I learned to bring my own ranch dressing and of course I eventually got used to no marshmallows in my cereal. I still haven't gotten used to the no Mountain Dew. Those little things are nothing compared to the culture shock I have had here in Macedonia though. I am not saying it is bad, I am just saying that it is different.

The language is probably the biggest culture shock in any country that I have been too. I can study a language all I want but when I get around native speakers it is completely different. In my other travels I have been to countries with Latin based languages and my years of studying Spanish helped me understand a few things here and there. I have also made it a point to take classes or learn the language where I am so I can communicate at the store or with the fans. Last year I became pretty good with French and the year before with Italian. Here in Macedonia, they speak Macedonian which is a south Slavic language. It just sounds like white noise to me when I hear people talk.
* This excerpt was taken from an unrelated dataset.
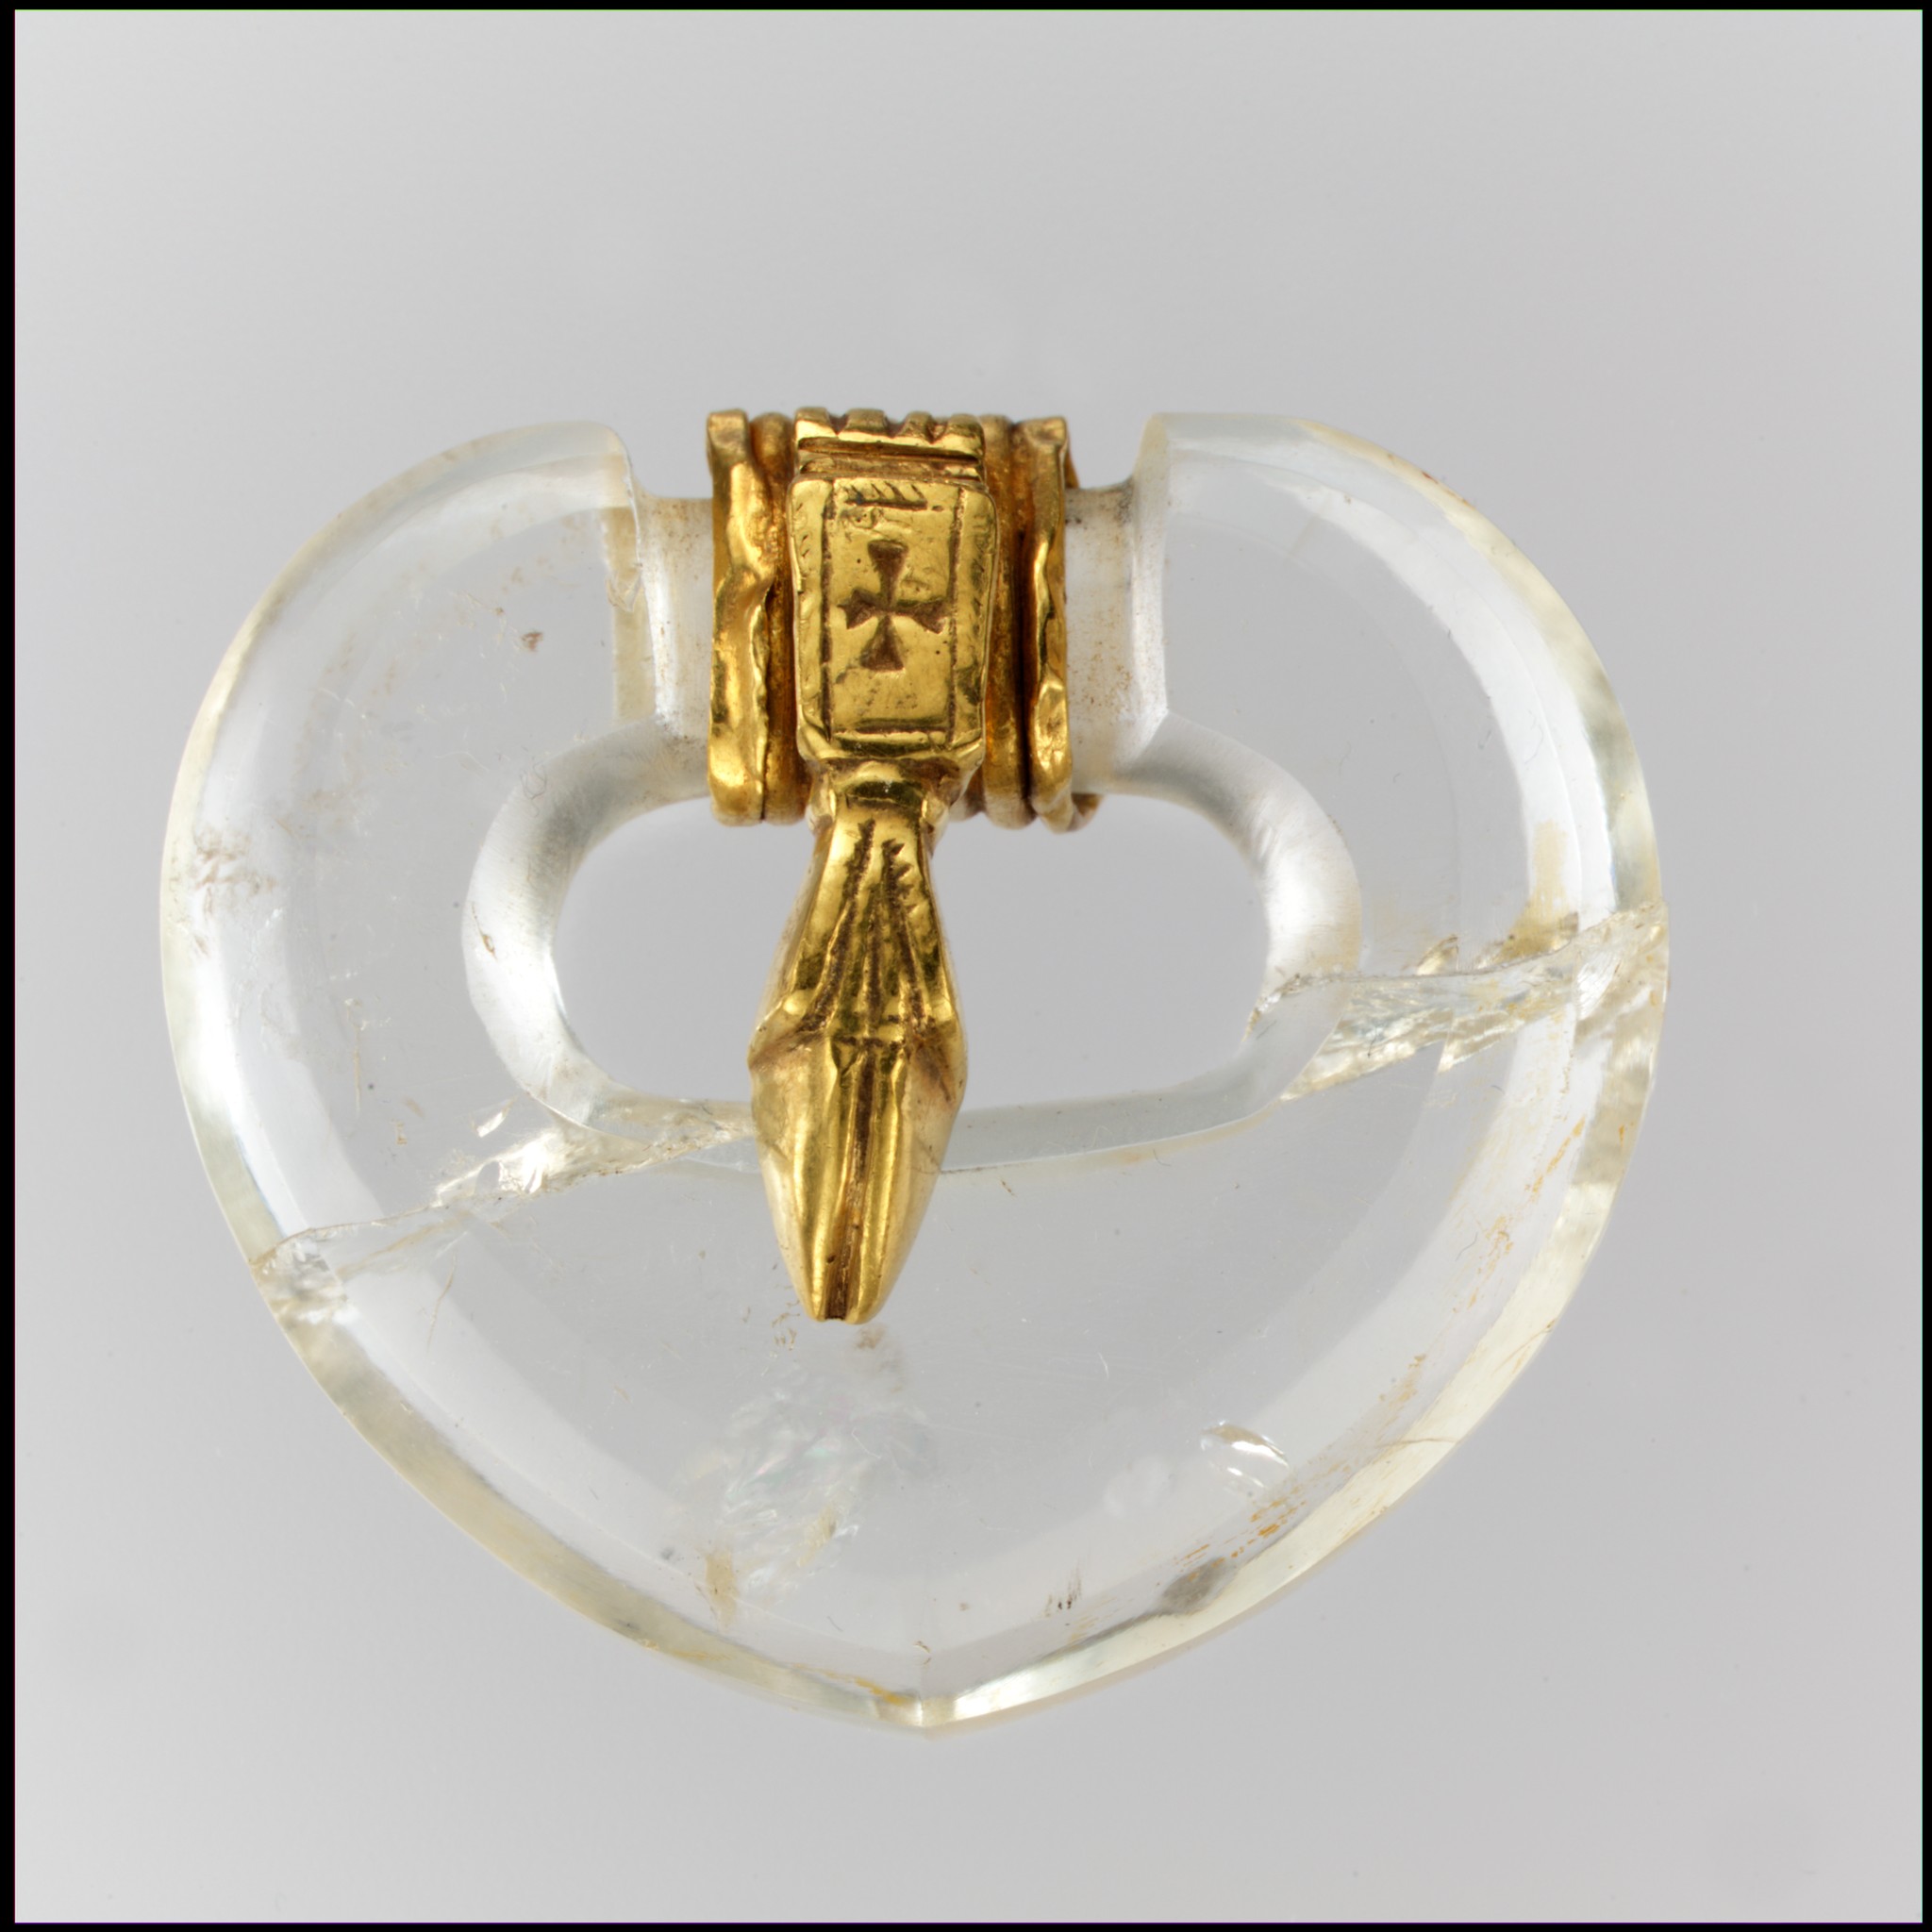 Ancient Byzantine and Germanic rock crystal and gold belt buckle, c. 500 CE.jpg

I understand absolutely nothing and that makes it really hard to tell a cab driver who doesn't speak English where I need to go. It is also impossible to read because they use the Cyrillic alphabet. Thankfully a lot of the people here in Skopje speak English.

There are a ton of stray dogs here in Macedonia. When the city catches a stray, they don't put it down but instead have the dog spayed or neutered so it can't reproduce. You can tell the dogs that are fixed because they have a yellow tag on their ears. I guess that's a good policy but it is really difficult for me to see all of these random dogs. The Grimm family always had a dog when I was growing up and we even had three dogs at one point so dogs hold a big place in my heart. My teammate and I were walking home one night and we actually had three dogs follow us home. It broke my heart when we had to shut the door on them when they were just sitting there wagging their tails.

Another thing that tugs at me is the people that are constantly picking through the trash. I can't take a short walk without seeing at least one person going through the trash. It is just tragic to see so many people doing it. I don't really want to say more on this subject.

Apparently a horse and cart are still an acceptable means of transportation here in Macedonia. This was the most surprising thing I have seen here. The Amish are the only people I have seen driving a horse and a cart back at home. I think it is even more surprising because of how urban Skopje is. This is the capital city of Macedonia and there are people riding horses around it. I asked my teammate what it was all about and he said that is just how it is here in the Balkans. So, I guess it is not just unique to Macedonia.

These are just a few of the things that I have encountered in my time here in Macedonia. I'm sure I will see more things on my travels and I will just learn to live with them.